On 10 February 2011, I wrote in this blog that whatever happens, whether there will democracy in Egypt, or an authoritarian rule reconsolidating its hold, the uprising is already a success because it has given birth to a significant - and socially and culturally powerful - part of the population who can no longer be governed the way they once were. By now, it seems that the more pessimistic of the two scenarios of relative success is the more likely one: a reconsolidation of military and secret service authoritarianism, or alternatively the consolidation of an Islamist-led rule that builds on the old structures rather than changing them. As said, this does not change the fact that the new powers-to-be will face a social and political opposition of a kind Mubarak only faced (and failed to address) for less than three weeks. It is something, a little victory that hopefully will pave the way for new struggles and greater victories to come. But it is so much less than might have been possible.

However, there is also a deeper problematic that is not so much related to the ways Egypt in particular is governed, but with conditions of living in the contemporary world as a whole. On a deeper level, the Arab revolution were not directed so much against the governments of Ben Ali, Mubarak, Asad, or Saleh, but were an expression of a deeper discontent about a sense of existence that deprives one of one’s dignity, humanity, and freedom while at the same time promising their fulfilment.
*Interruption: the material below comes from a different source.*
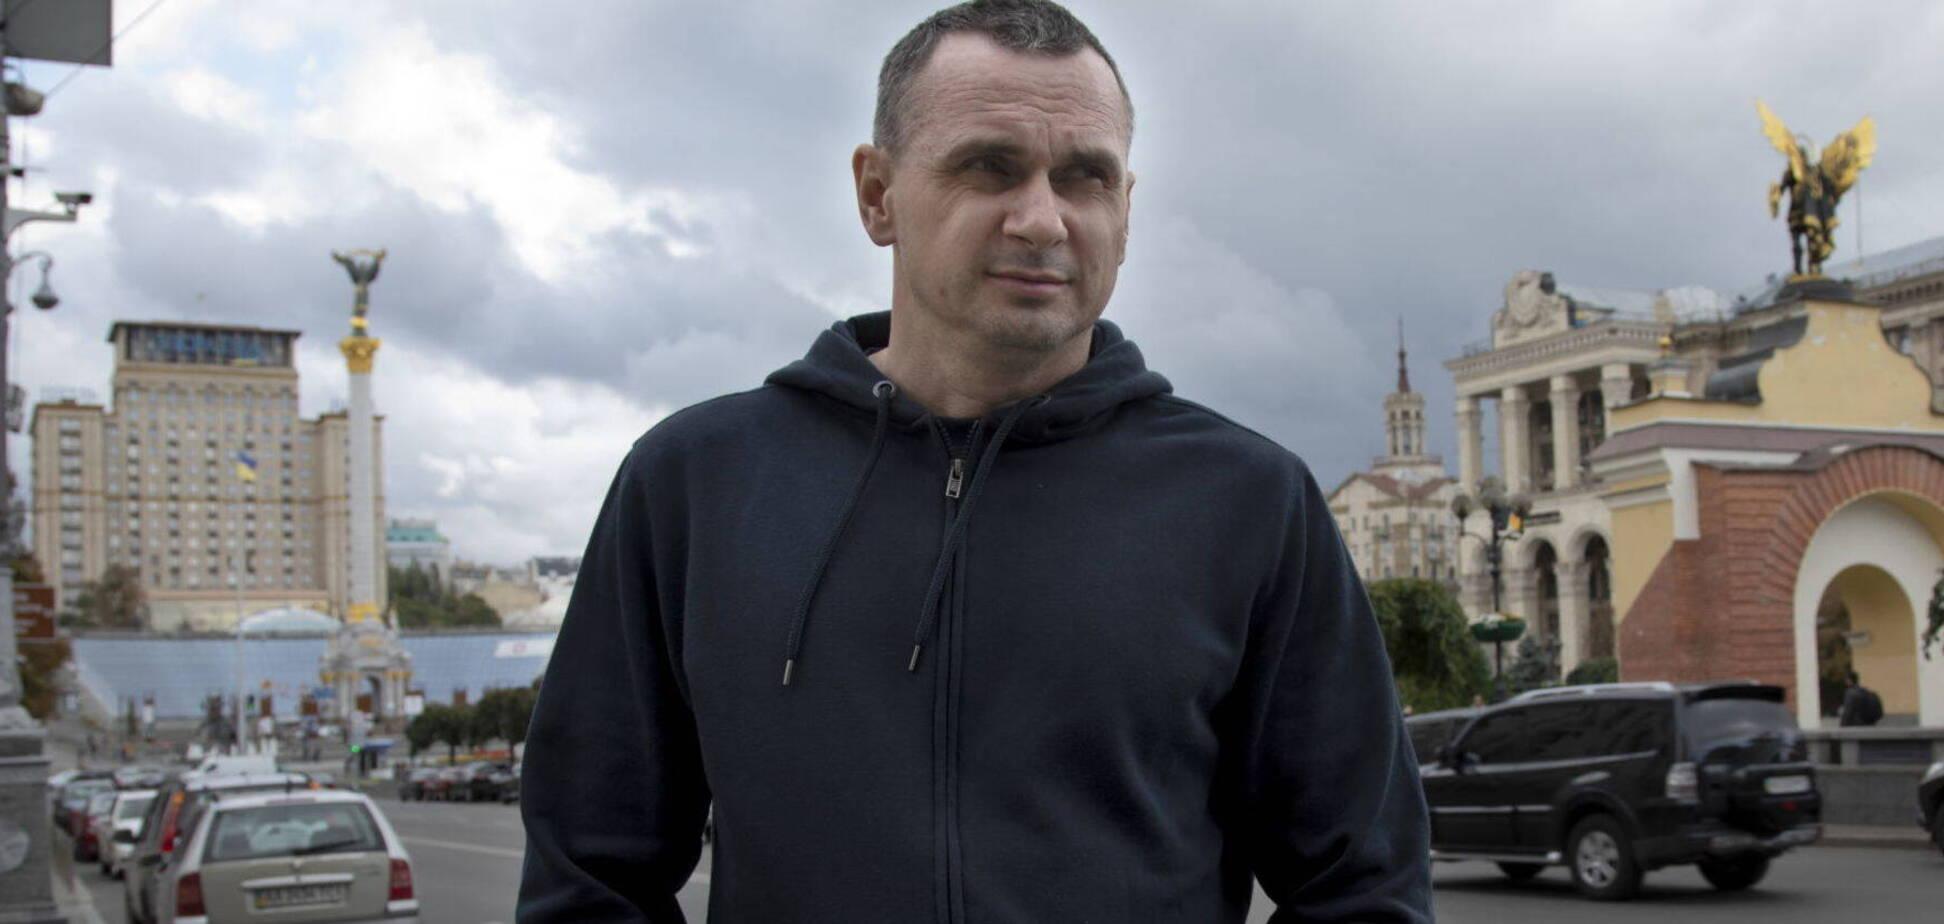 Сенцов розкиткував попытки Зеленского посадить Порошенко (фото: Новая газета)

The Arab revolutions of 2011 are perhaps best understood as a prelude for something that is yet to come, something that emerged under particularly sharp and oppressive conditions of frustrated promises of consumer capitalism and oppressive authoritarianism in the Arab world. By aiming their anger at the presidents and their cliques, however, the revolutionary movements have failed to name the original discontent. There are some leftists also in Egypt who are pointing at neoliberal capitalism as the core cause of the problem, but their analysis, too, may fall short of the problematic. And in any case, their analysis has not been translated into an instinctively convincing common sense of discontent and demand.
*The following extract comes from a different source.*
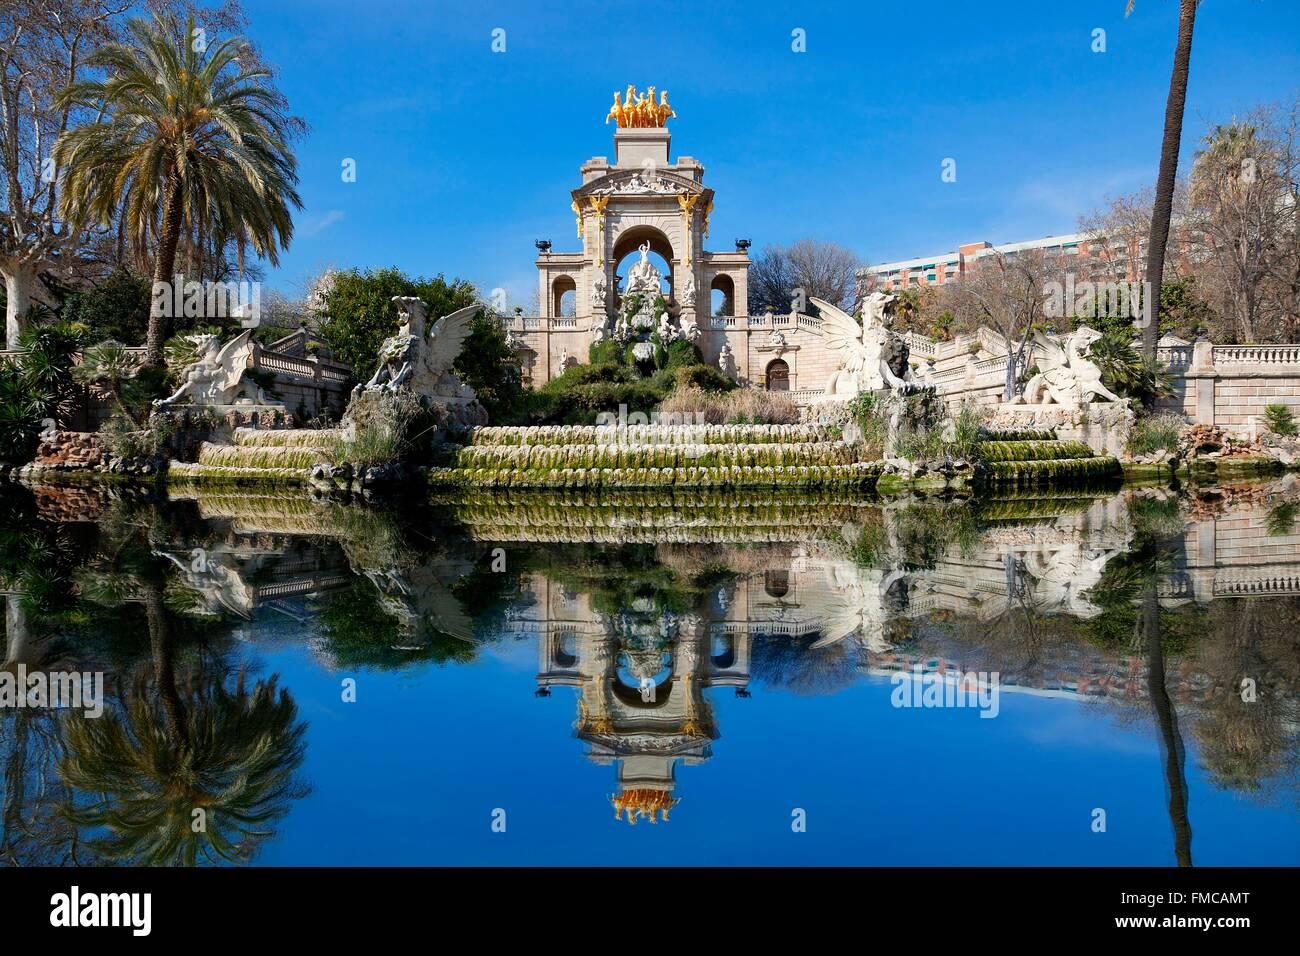 España, Cataluña, Barcelona, la fuente del parque de la Ciutadella Imagen De Stock

Whoever will rule in Egypt in the years to come will continue the neoliberal policies of the past decades, and will further intensify the existential discontent of living in a high capitalist world under the continuous pressure of growth and consumption, a world were precisely those things that offer temporary satisfaction - buying things, material comfort, revivalist religiosity, expectation of social ascendancy - are the same things that also increase the sense of pressure, alienation, and demoralising competitiveness that people experience. It is a problem not limited to Egypt or the Arab world - it shared also by people living in more privileged conditions as shown by the way the revolutionary spirit was taken over by the Occupy movement and others (with even less success, eventually). However, by the very real power of consumption to actually provide material comfort and to thus carry the promise of existential comfort, it remains very difficult for those people who most suffer from the condition of the world as it is to stand up in protest to change it.

In short, both the early success and the eventual failure of the January 25 revolution have to do with the problem that there is something wrong with the way the whole world is working. But unable to name the discontent as we are (as said, I think the socialists only have a partial name for it), we are still far from actually solving it.